Пристальным взглядом Эйдан скользит по моему лицу в поисках любого признака того, что я лгу. Когда он, кажется, удовлетворен тем, что я честна, сглатывает и облизывает губы.

Говорит, запинаясь:

— Я немного увлекся.

— Да неужели, — отвечаю я с усмешкой. — Божечки-кошечки, какой у тебя секс-словарь. Даже лучше, чем твой обычный.

Через мгновение Эйдан начинает смеяться. Мягко, качая головой, он смеется с облегчением, затем снова целует меня.

— Я ничего не могу с этим поделать. Ты пробуждаешь во мне зверя.

— Естественно! Но сейчас я была бы очень признательна, если бы мы встали. Мне в поясницу впивается камень, и это ужасно больно.

— Черт. Извини.

Эйдан отстраняется, встает, заправляет себя в джинсы и застегивает их. Затем помогает мне встать и бережно счищает землю и листья с моей кожи.

— Ты вся исцарапана, — говорит он приглушенным голосом, морщась, когда отряхивает меня мягкими, как перышко, движениями пальцев. — У тебя колено кровоточит.

Я глубоко и удовлетворенно вздыхаю.

— Вот что происходит, когда заек трахают в лесу. Я уверена, что завтра мне будет чертовски больно. Где моя одежда? Я начинаю мерзнуть.

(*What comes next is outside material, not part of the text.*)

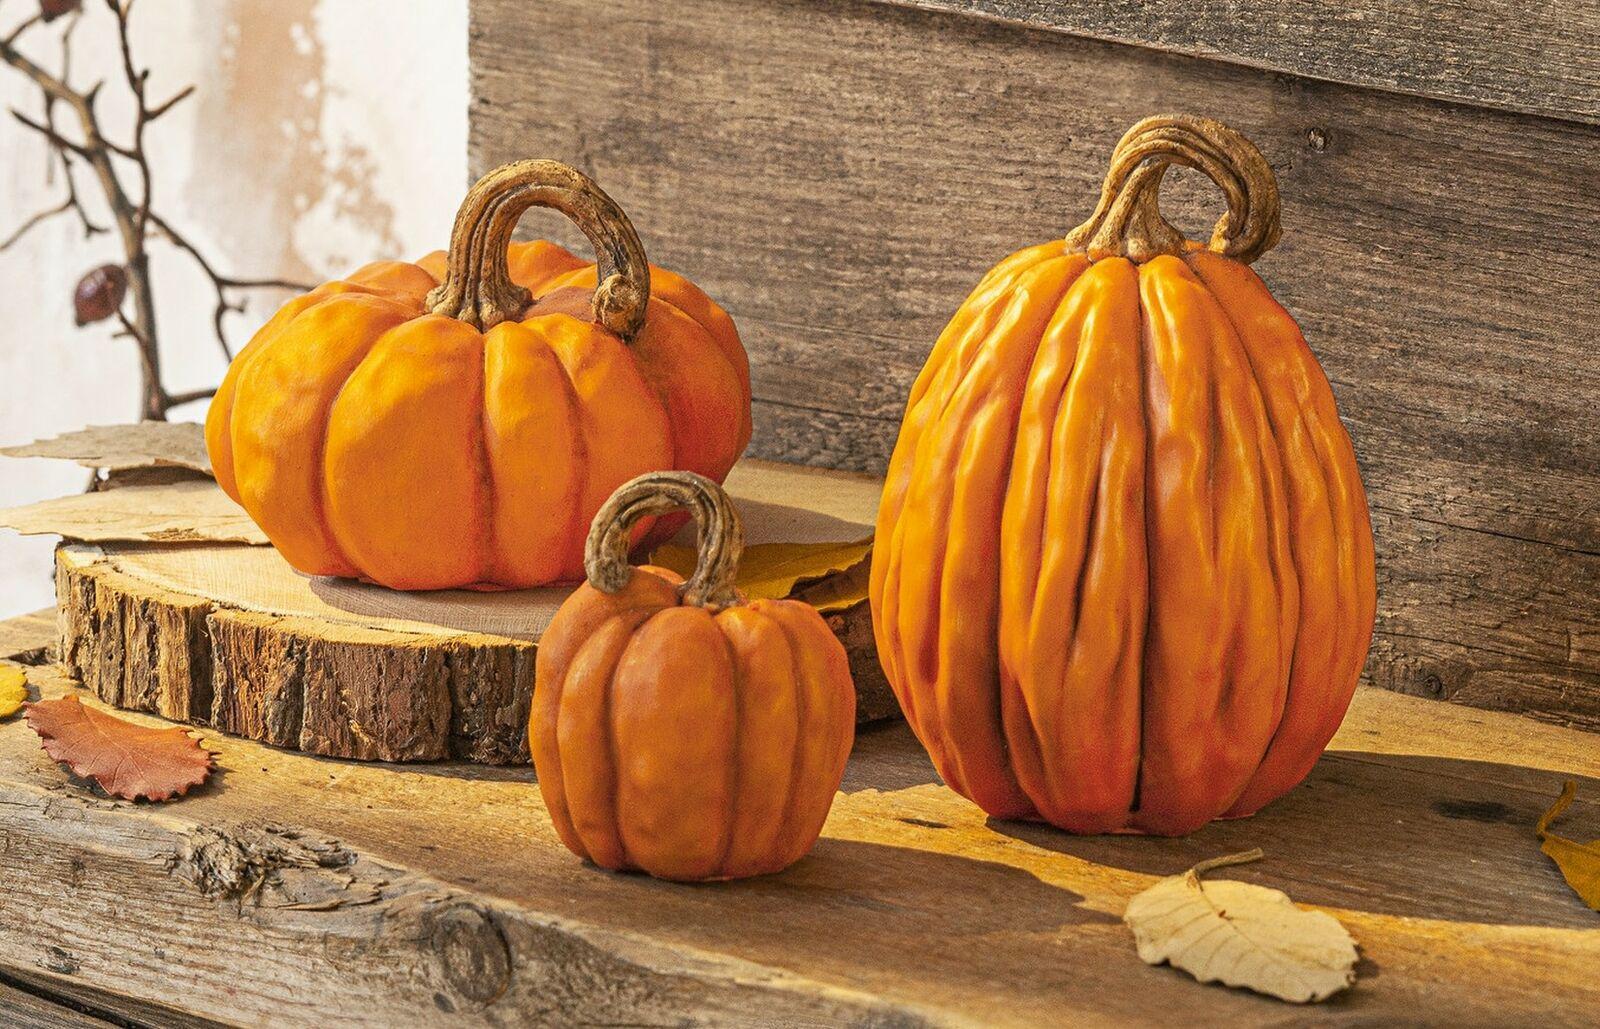 3 Deko Kurbisse Orange Detail Getreu Herbst Halloween Kurbis Figur Kaufen Bei Come4buy Gmbh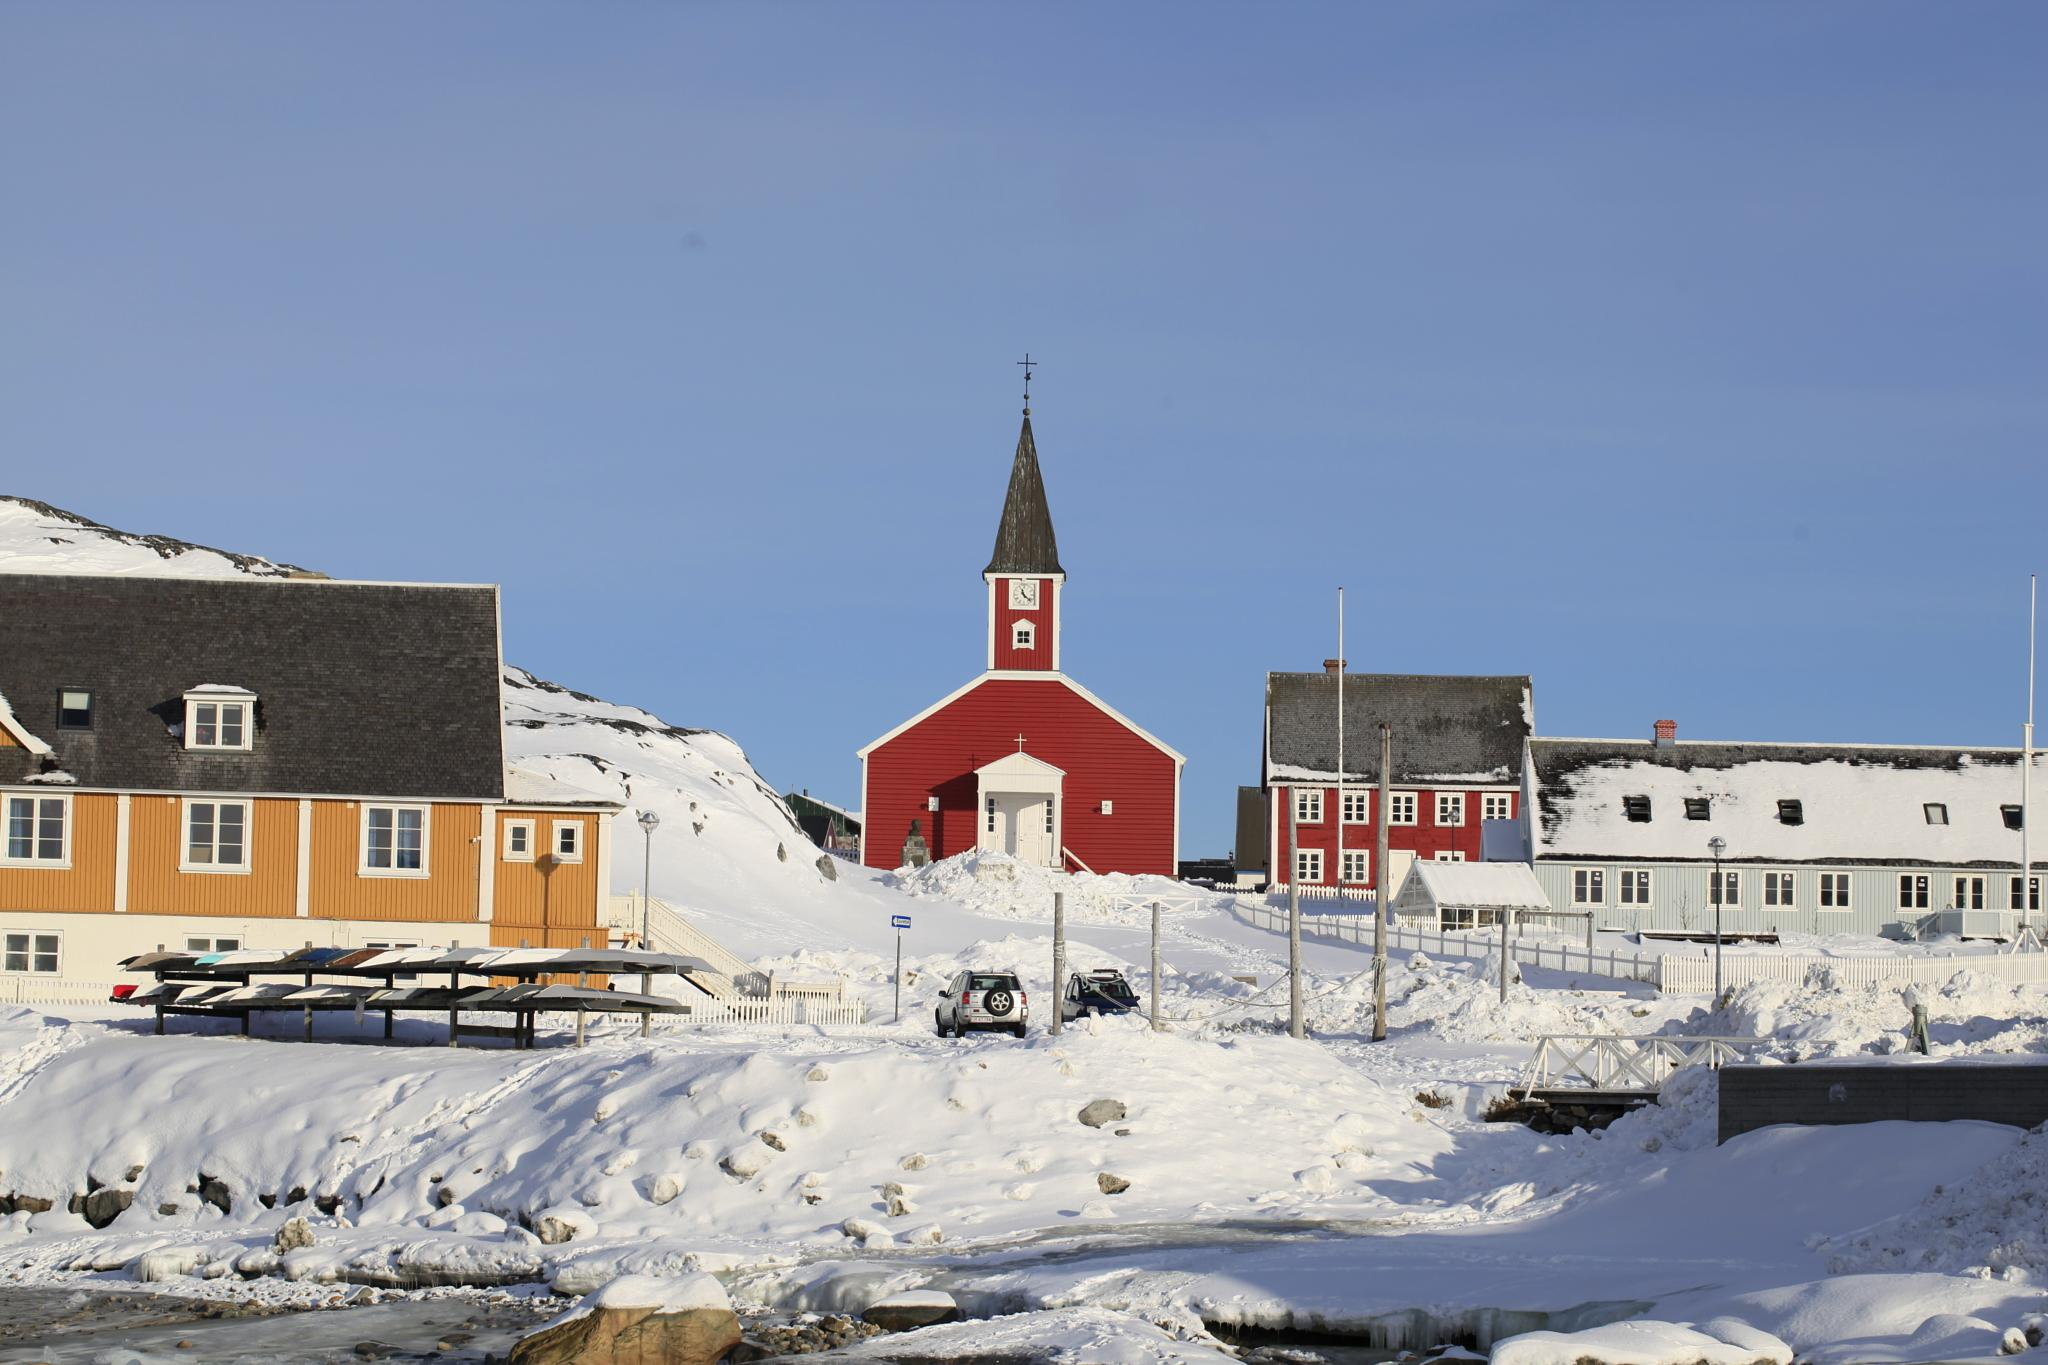 old town nuuk by Tom Augo Lynge

Эйдан ненадолго покидает меня, чтобы забрать мои ботинки, рубашку, джинсы и свою куртку с того места, где бросил их на землю. Затем он помогает мне одеться в молчаливой сосредоточенности, держа меня осторожно, будто считает, что я могу сломаться.

Его нежность и забота трогают меня. Он такой милый и нежный, полная противоположность моему доминирующему, рычащему зверю, каким был всего несколько минут назад.

Невероятно, сколько разных личностей может вместить одно тело. Мы все ходим с тысячей незнакомцев внутри нас, тихо дремлющих, пока кто-нибудь не разбудит их. Подобно разряду электричества, который оживил монстра Франкенштейна, все, что требуется нашим спящим гигантам, чтобы пробудиться к жизни, — это одна-единственная искра.

Когда я оделась, Эйдан берет меня за руку и молча выводит из леса. Мы выходим на солнечный свет, и смотрим на небо, затем друг на друга.

Что-то этакое есть между нами, невысказанное и глубокое.

Он первым отводит взгляд, сжимая мою руку и улыбаясь.

Эта улыбка могла бы разбить мне сердце.

~

Остаток дня мы проводим в его квартире. Мне требуется еще раз принять душ, чтобы смыть с кожи все остатки листьев и грязи. Потом Эйдан смазывает неоспорином мои порезы и царапины и перевязывает колено.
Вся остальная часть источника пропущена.